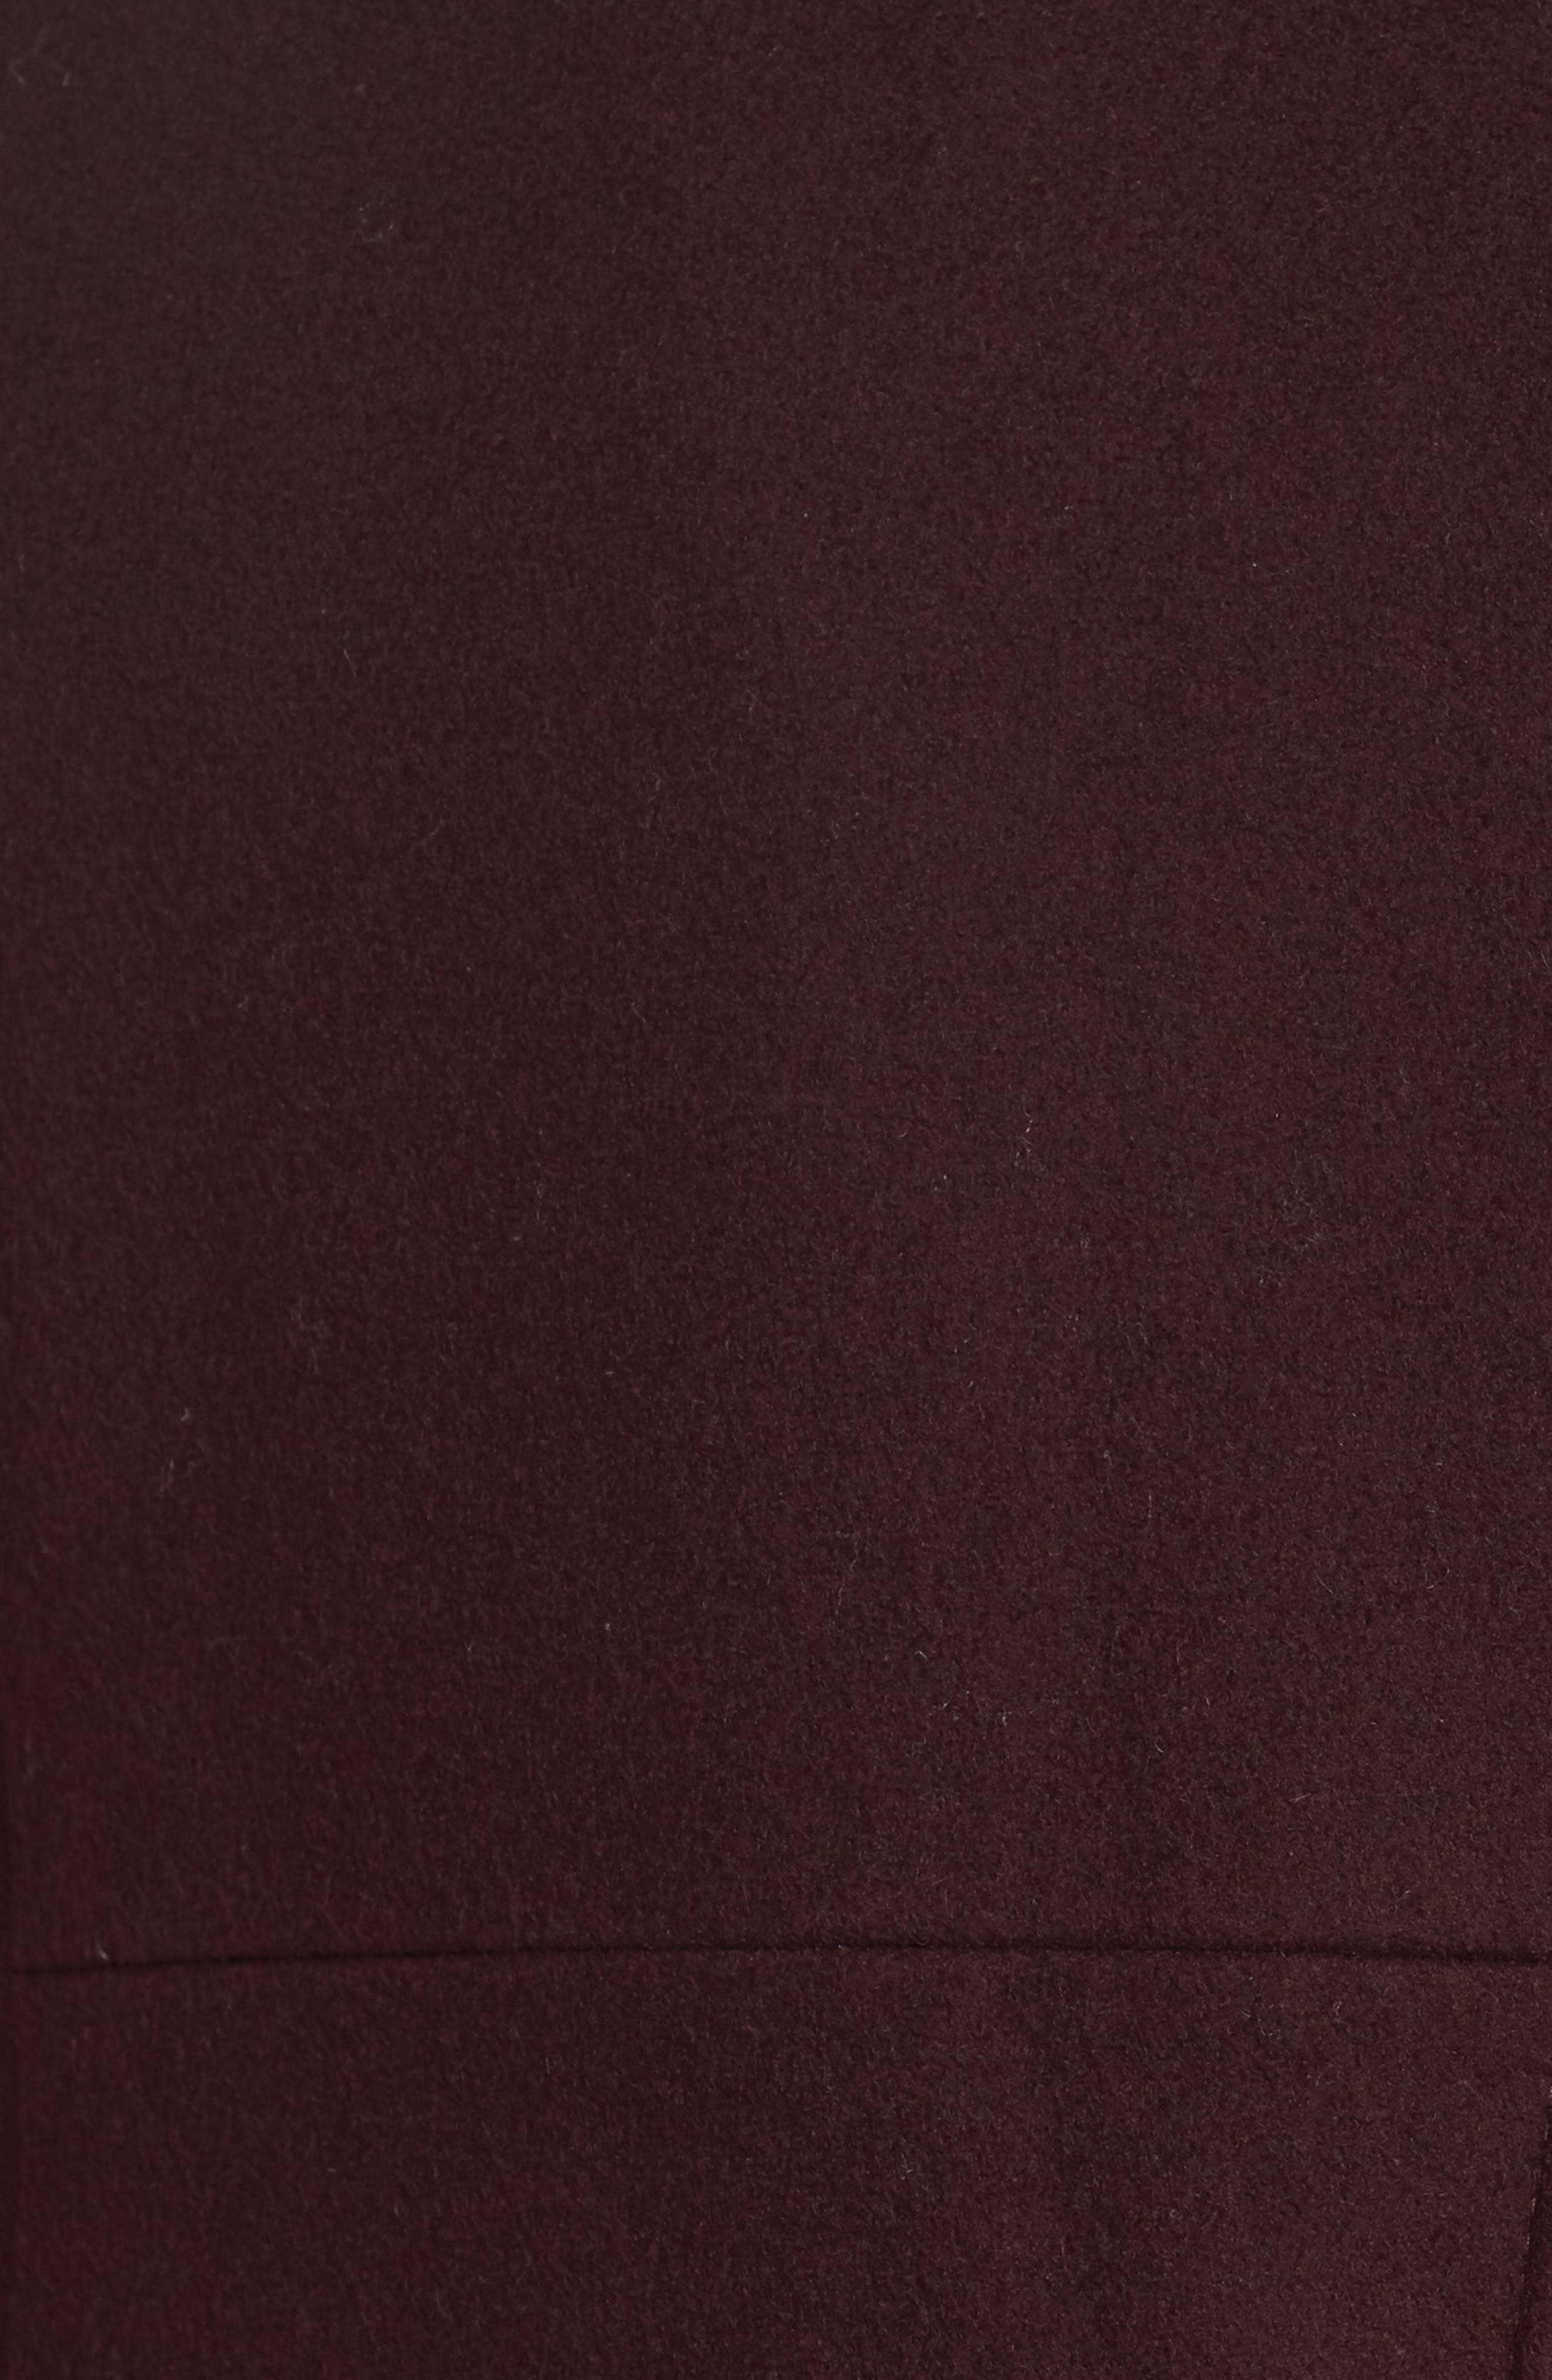 Asymmetrical Zip Wool Blend Coat,                             Alternate thumbnail 7, color,                             WINE
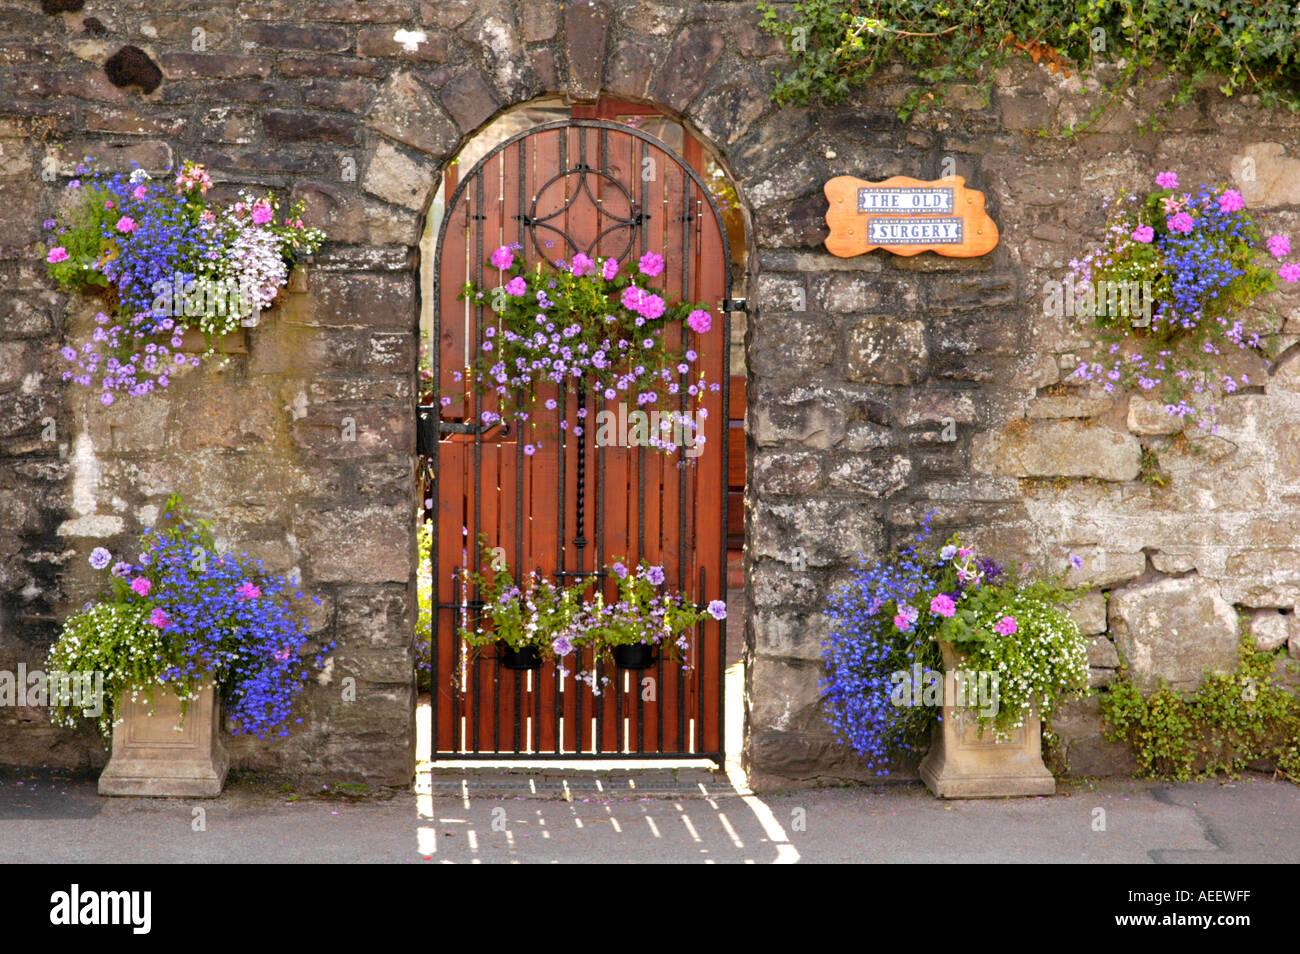 Garden Gate Floral – Home Image Ideas
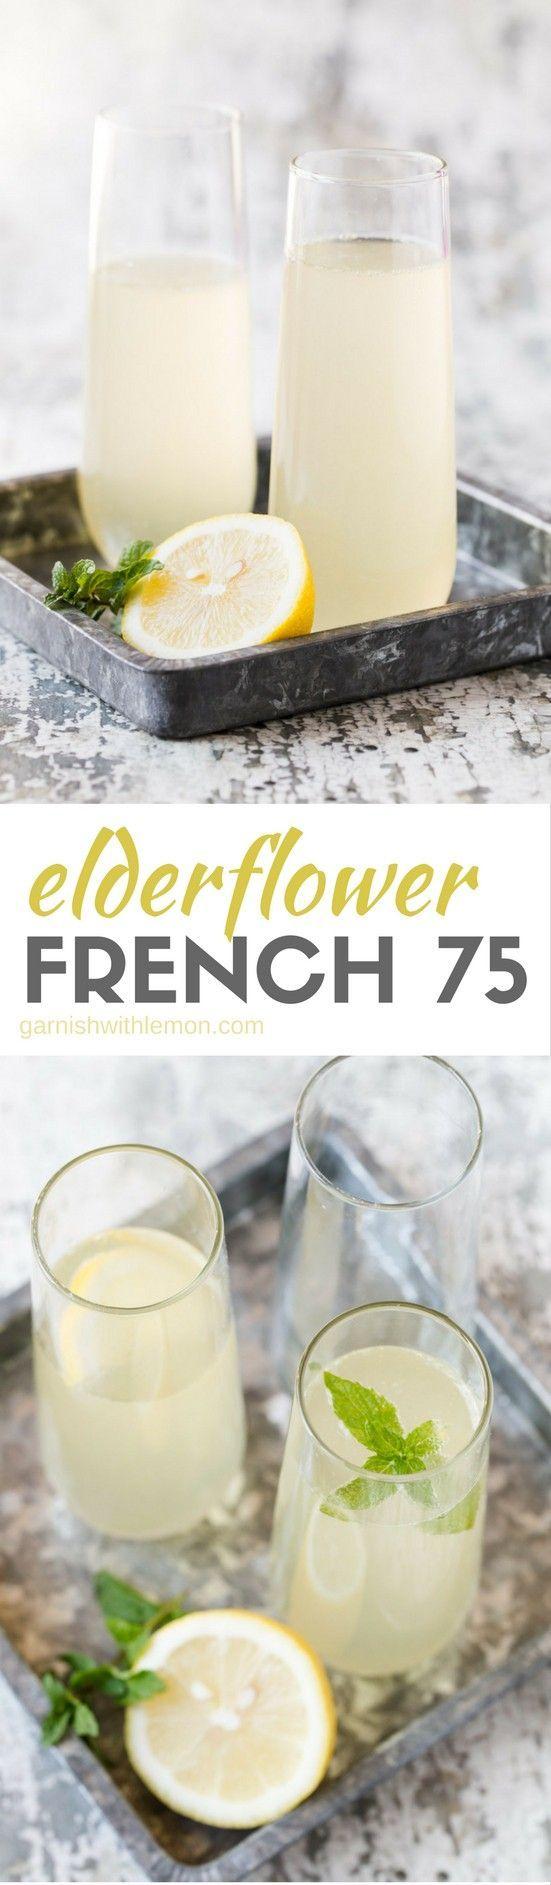 Bubbles just got even better with this easy Elderflower French 75 cocktail recipe. #elderflower #brunch #prosecco #proseccococktails #cocktails
---
[REQUIRED ACTION]:
When you retype the listing, keep every line exactly as it is and drop the pictures.

[RESULT OF THE EXERCISE]:
 Asymmetrical Zip Wool Blend Coat,                             Alternate thumbnail 7, color,                             WINE
 Garden Gate Floral – Home Image Ideas
 Bubbles just got even better with this easy Elderflower French 75 cocktail recipe. #elderflower #brunch #prosecco #proseccococktails #cocktails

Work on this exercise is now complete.